Transcribe exactly, and without pictures, only the lines from the one bearing "Ghost Of Tsushima length: How" through the final line of the data below.

:: Collected material ::
---+---

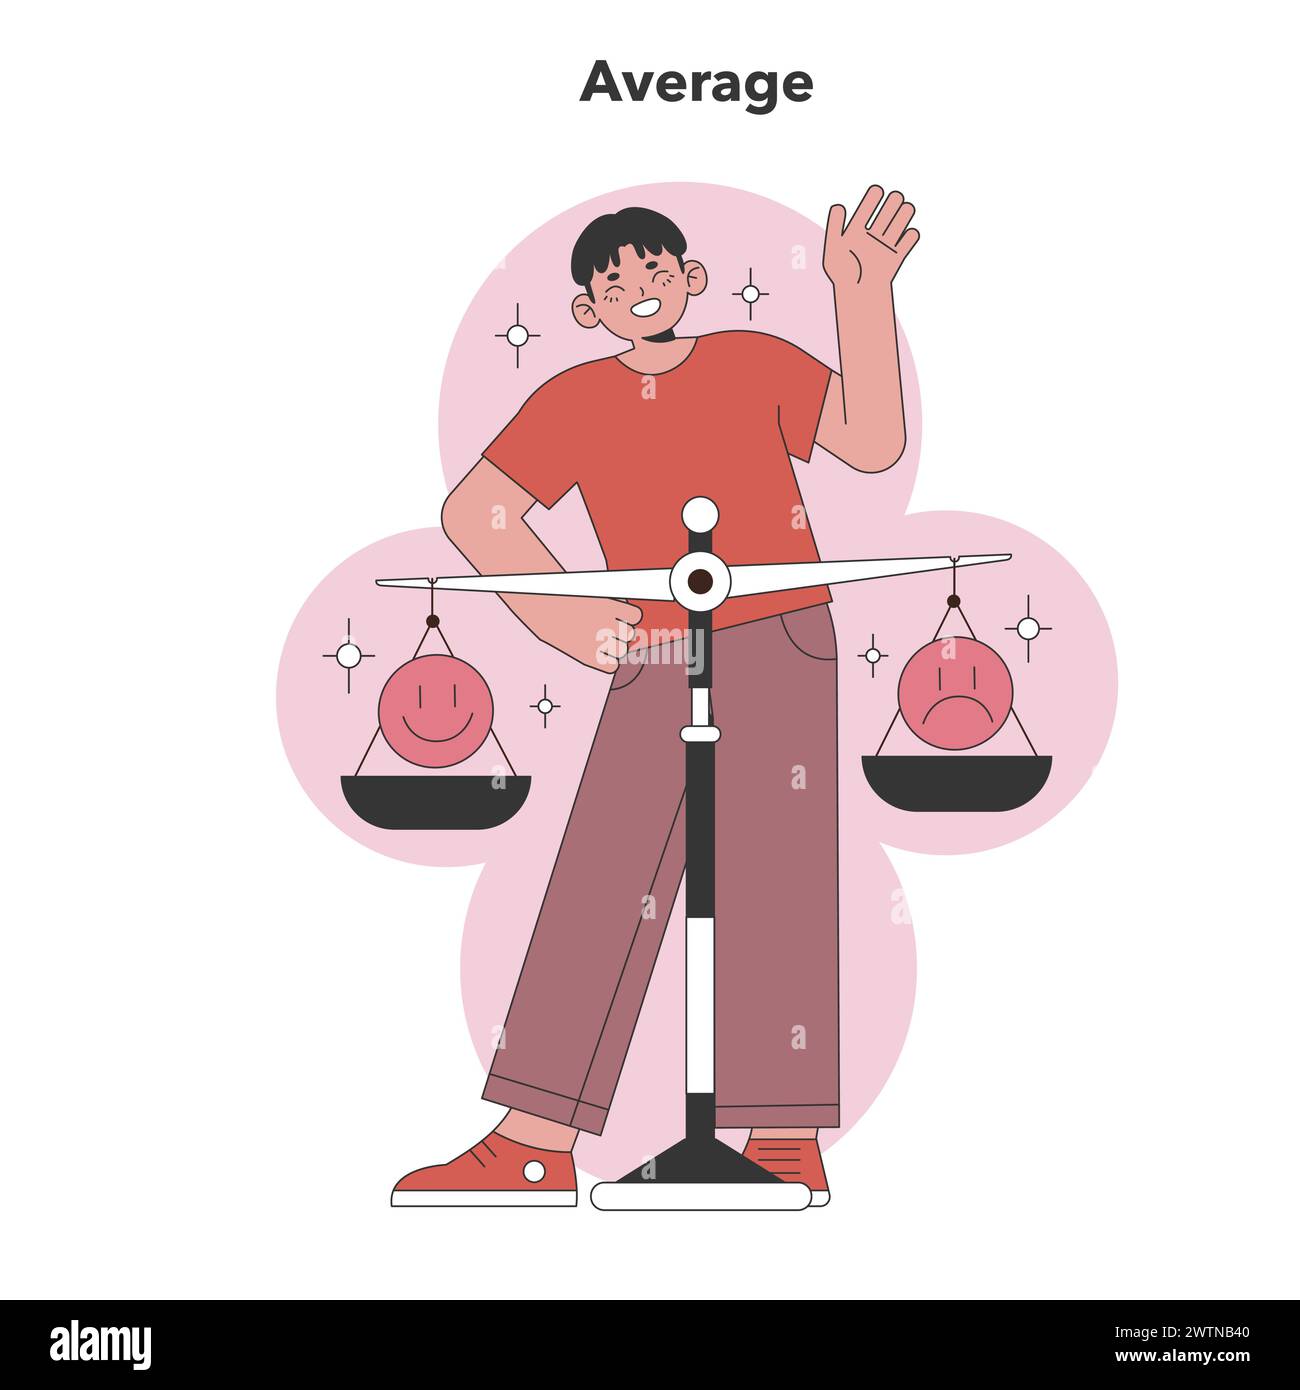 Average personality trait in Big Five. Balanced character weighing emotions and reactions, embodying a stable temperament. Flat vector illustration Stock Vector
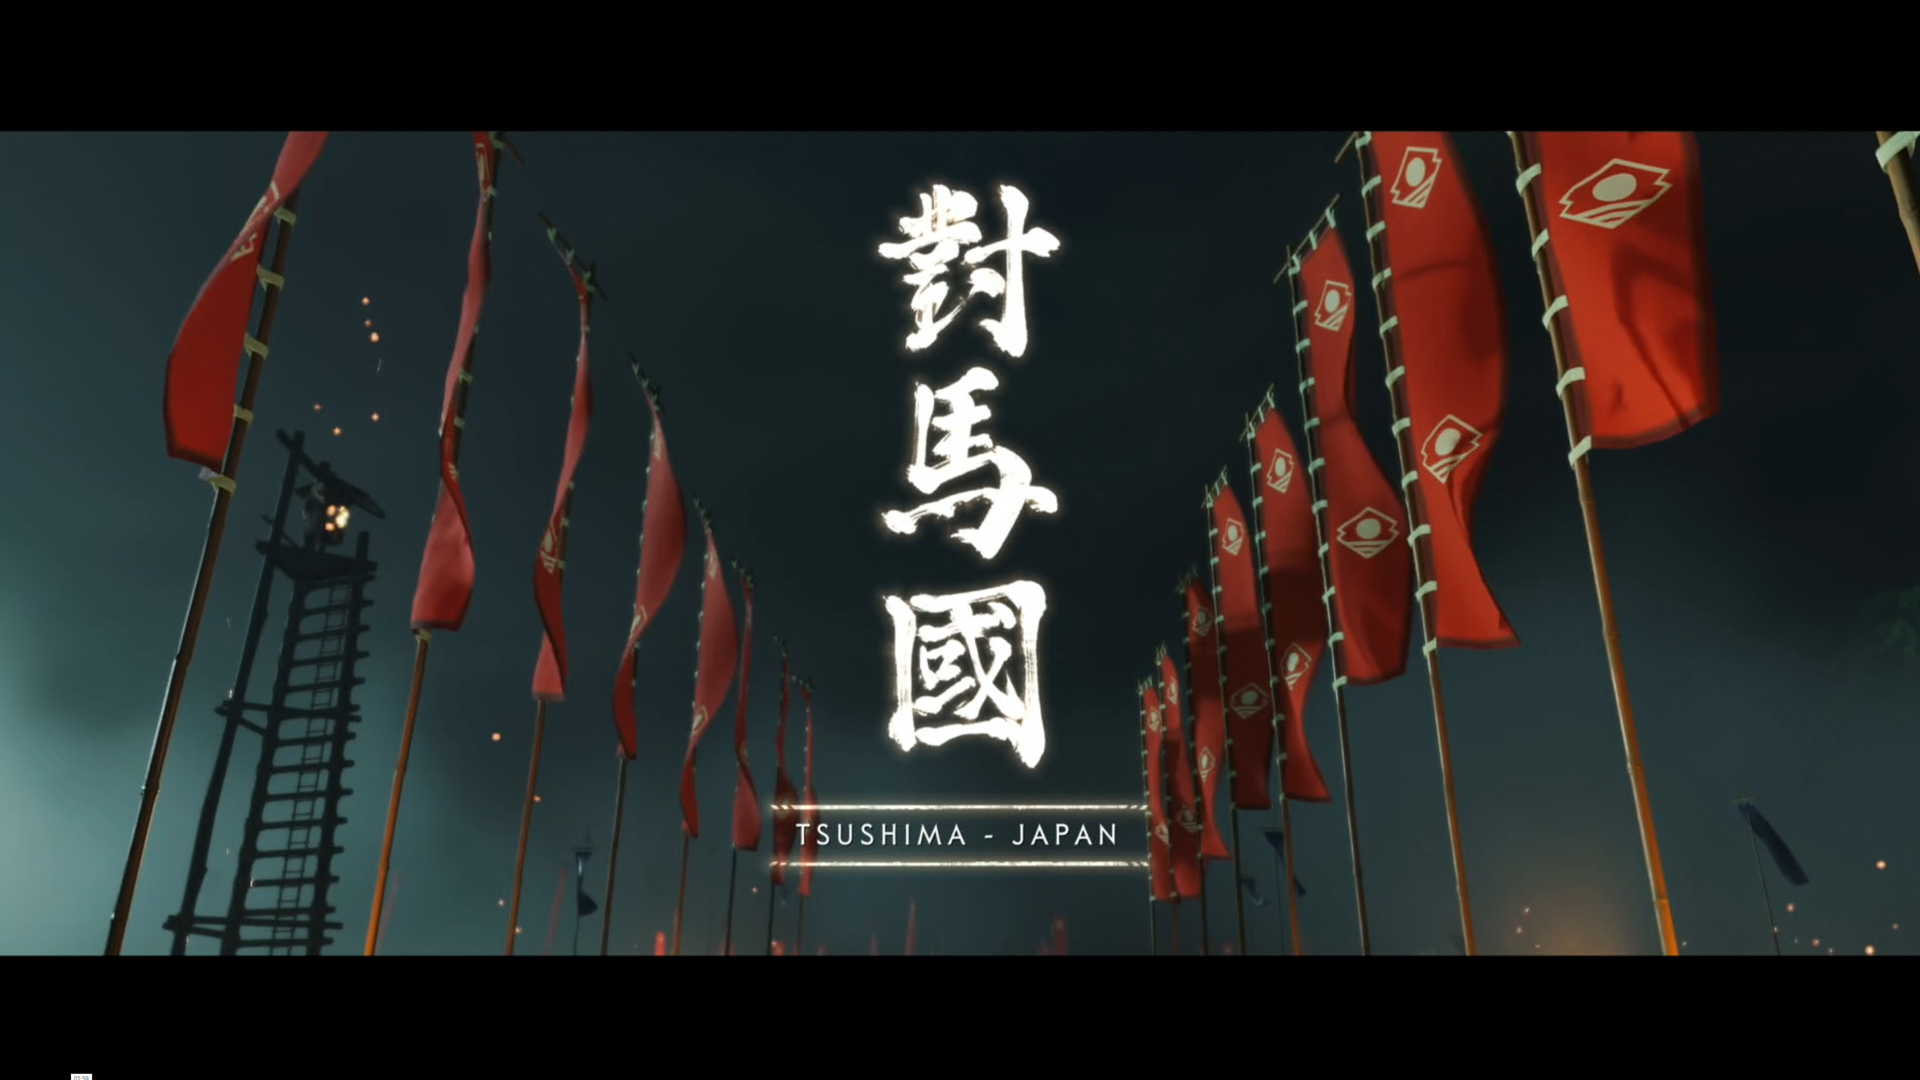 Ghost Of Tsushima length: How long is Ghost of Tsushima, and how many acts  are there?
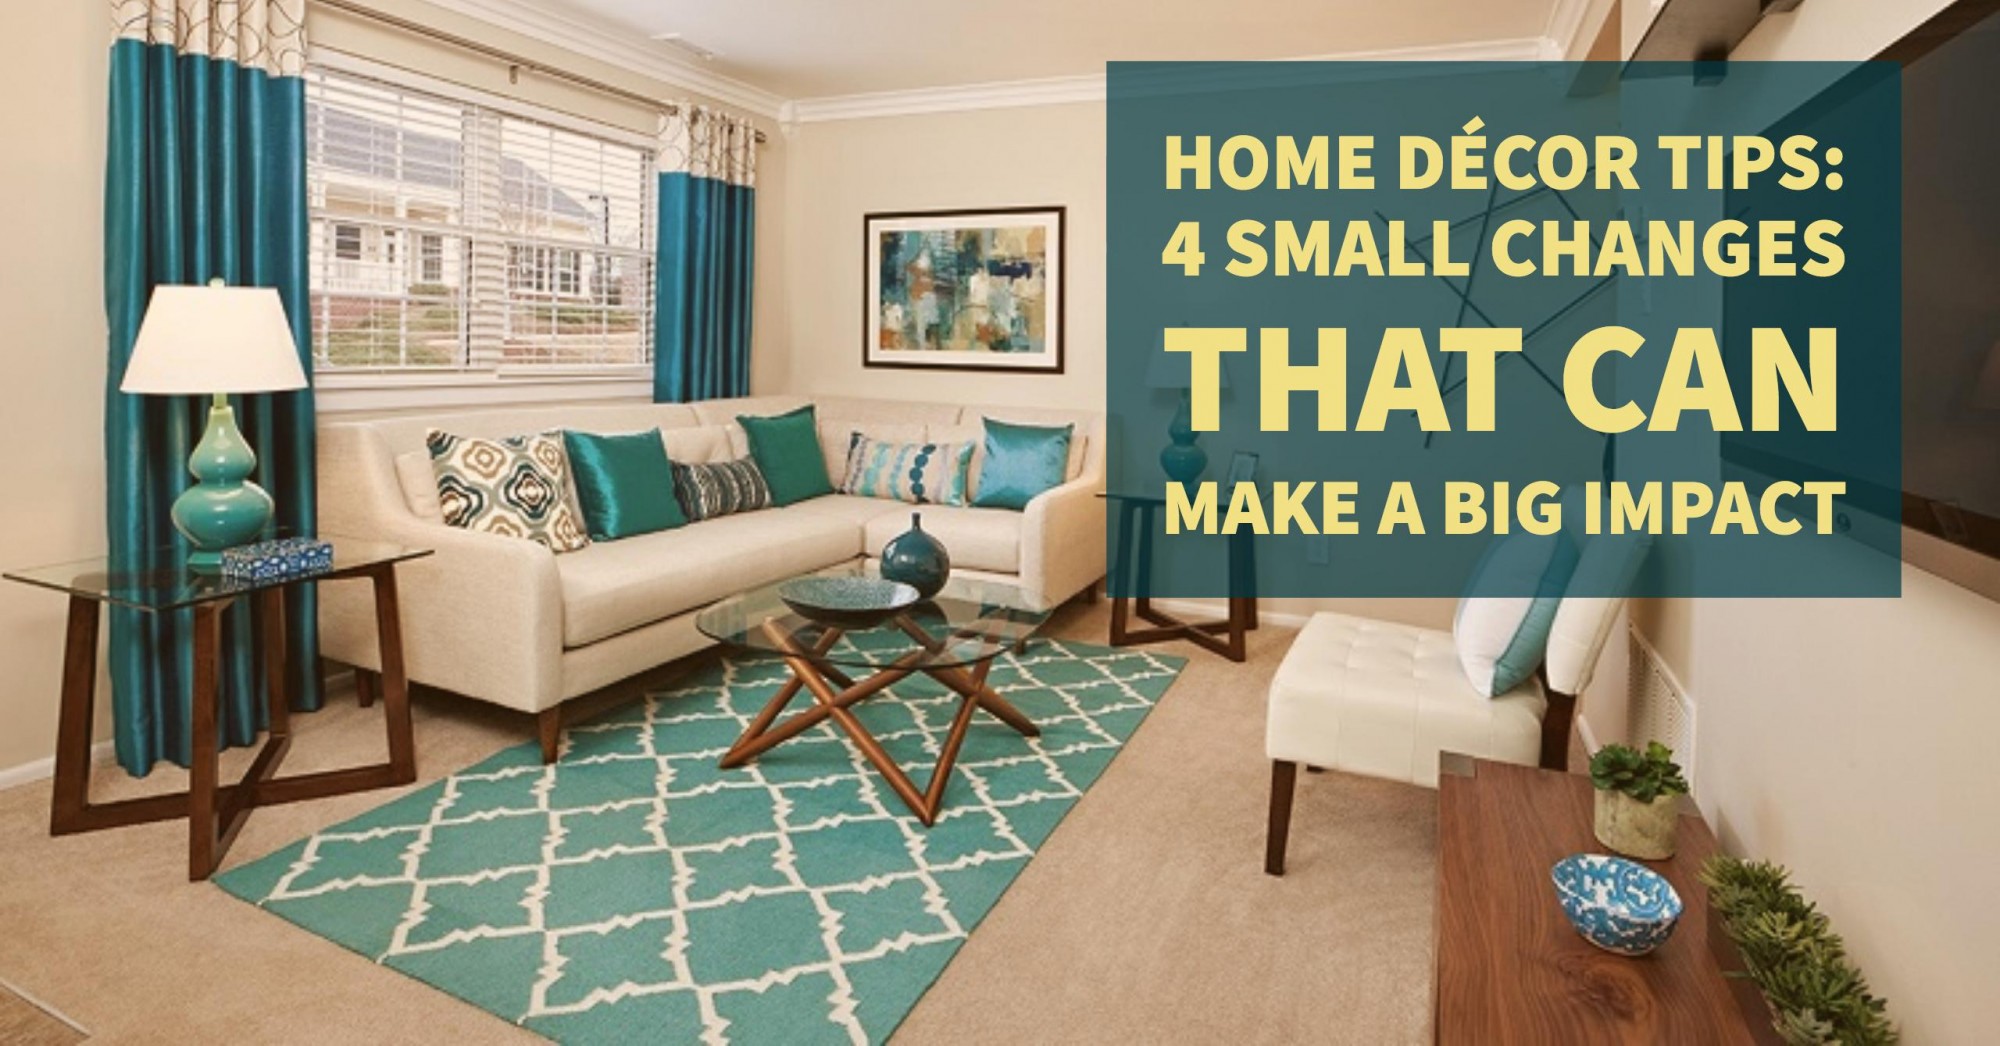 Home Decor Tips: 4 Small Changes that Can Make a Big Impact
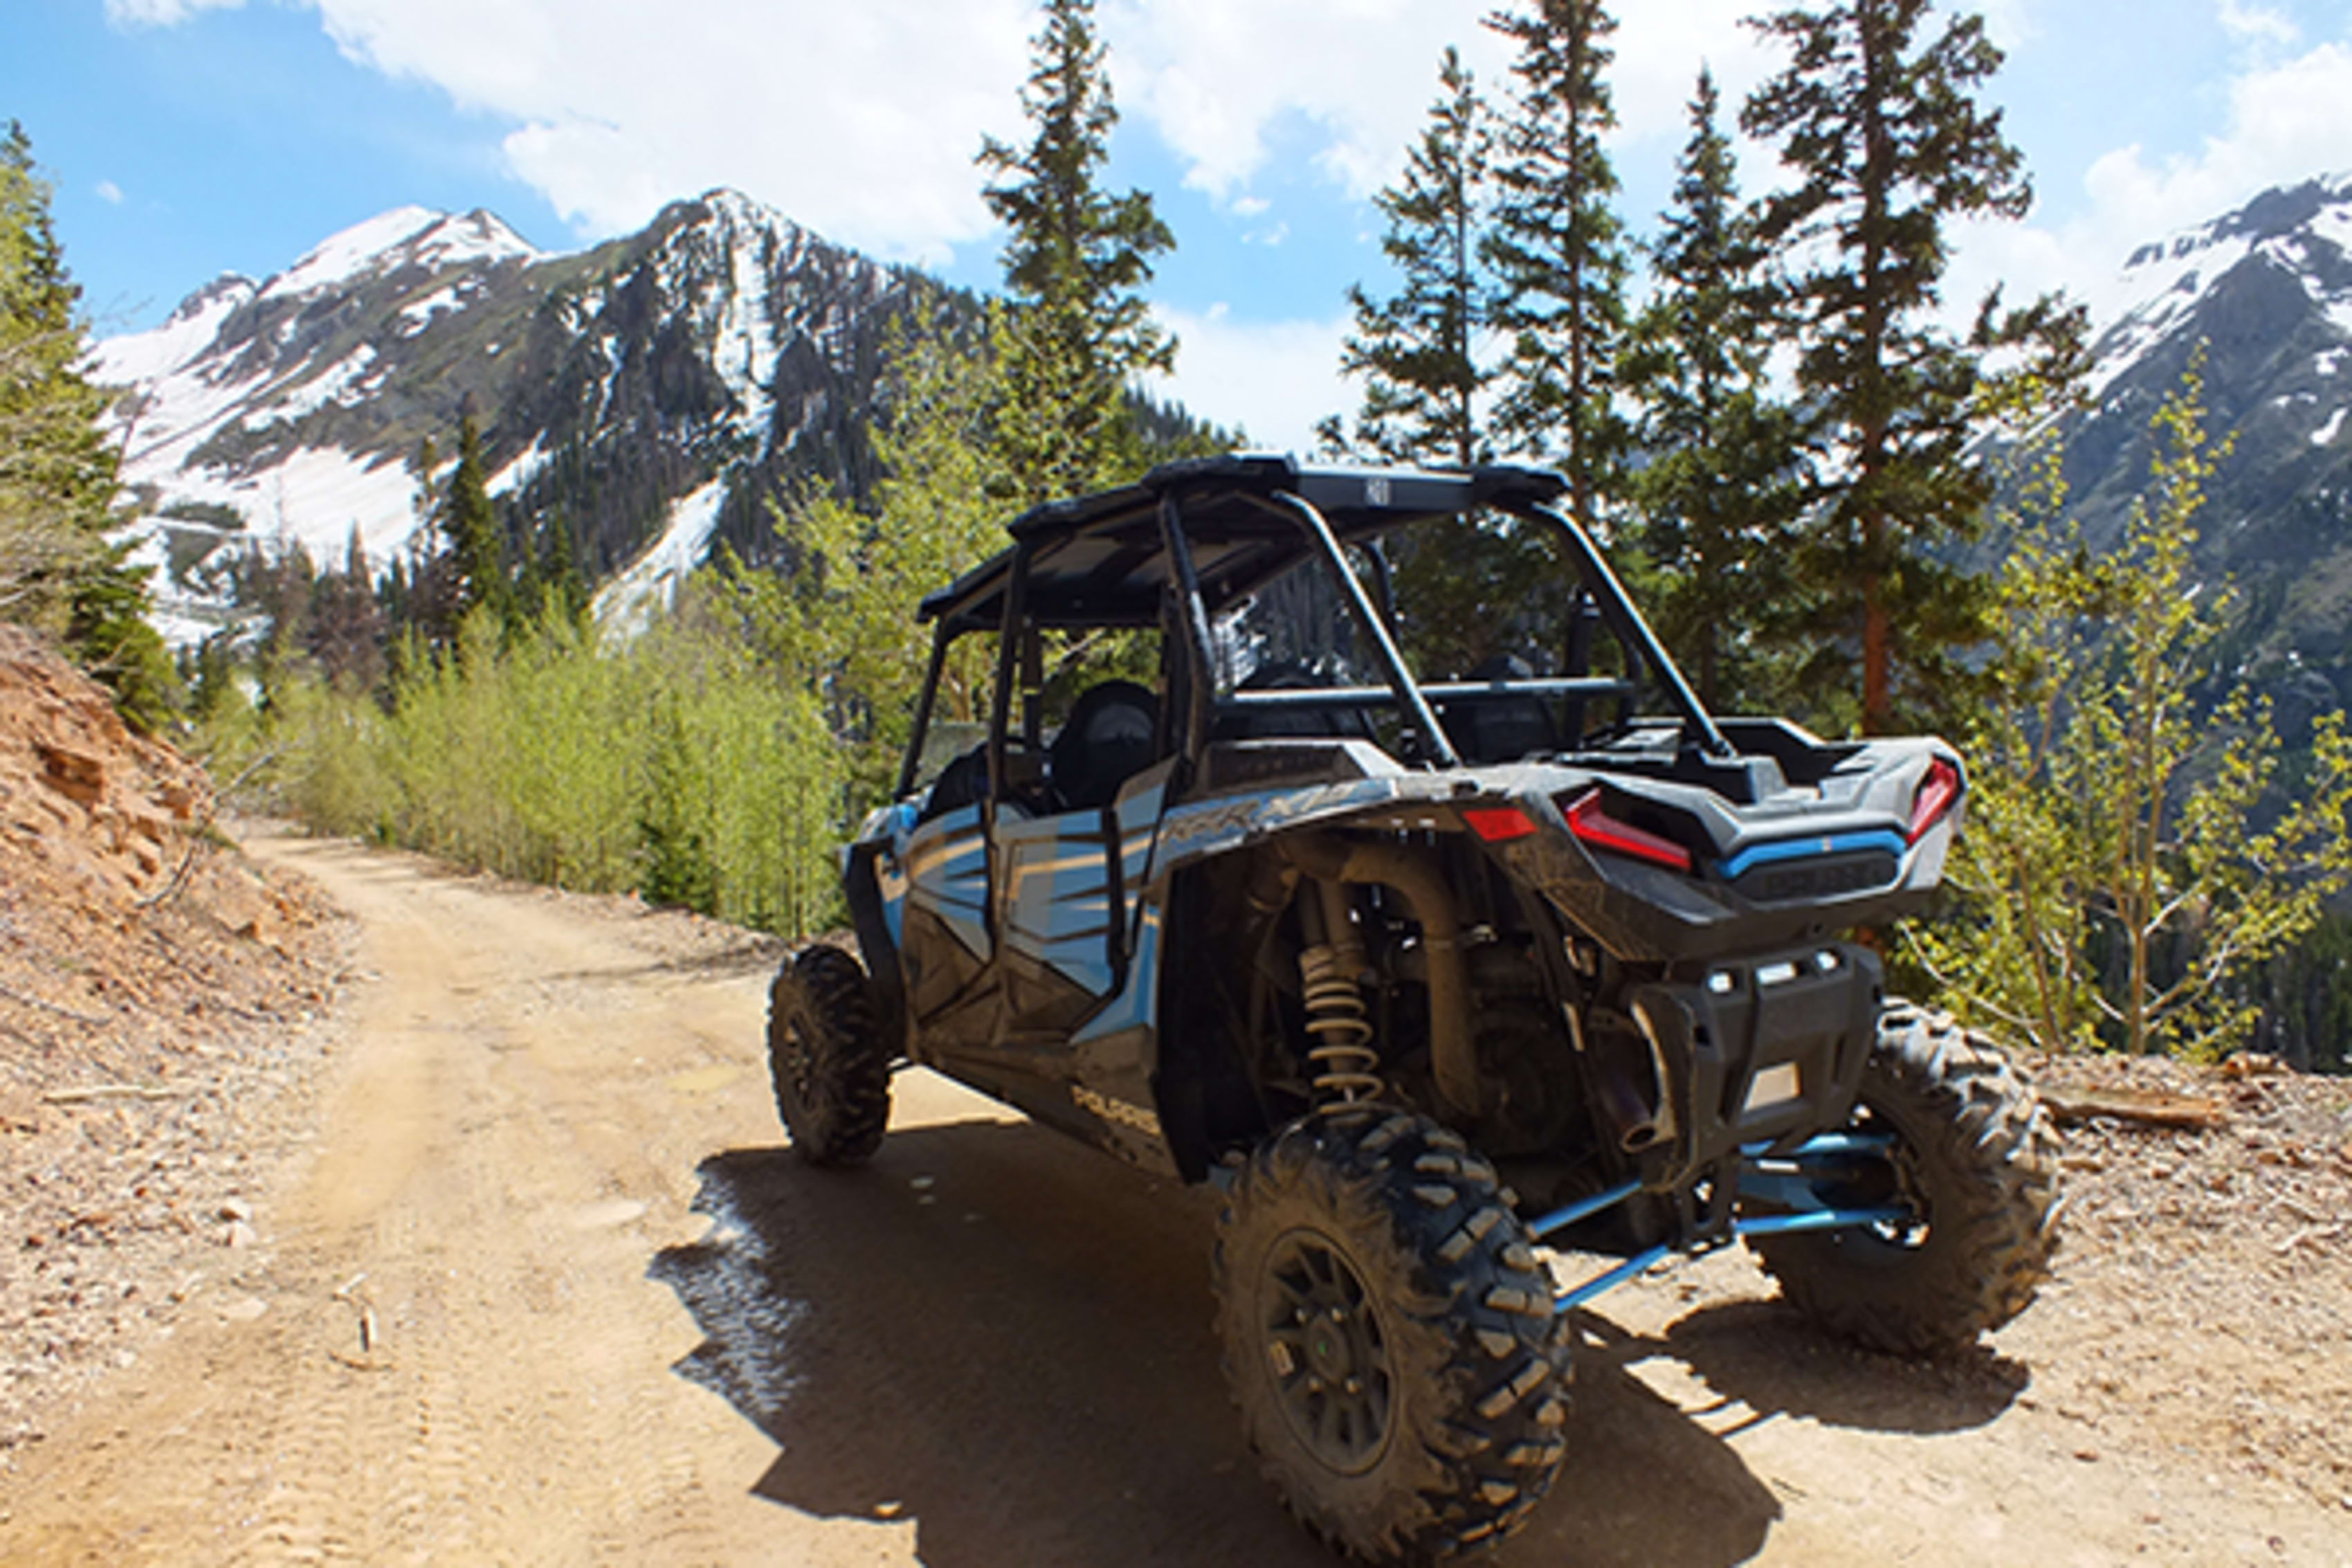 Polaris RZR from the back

---+---

:: Task solution ::
 Ghost Of Tsushima length: How long is Ghost of Tsushima, and how many acts  are there?
 Home Decor Tips: 4 Small Changes that Can Make a Big Impact
 Polaris RZR from the back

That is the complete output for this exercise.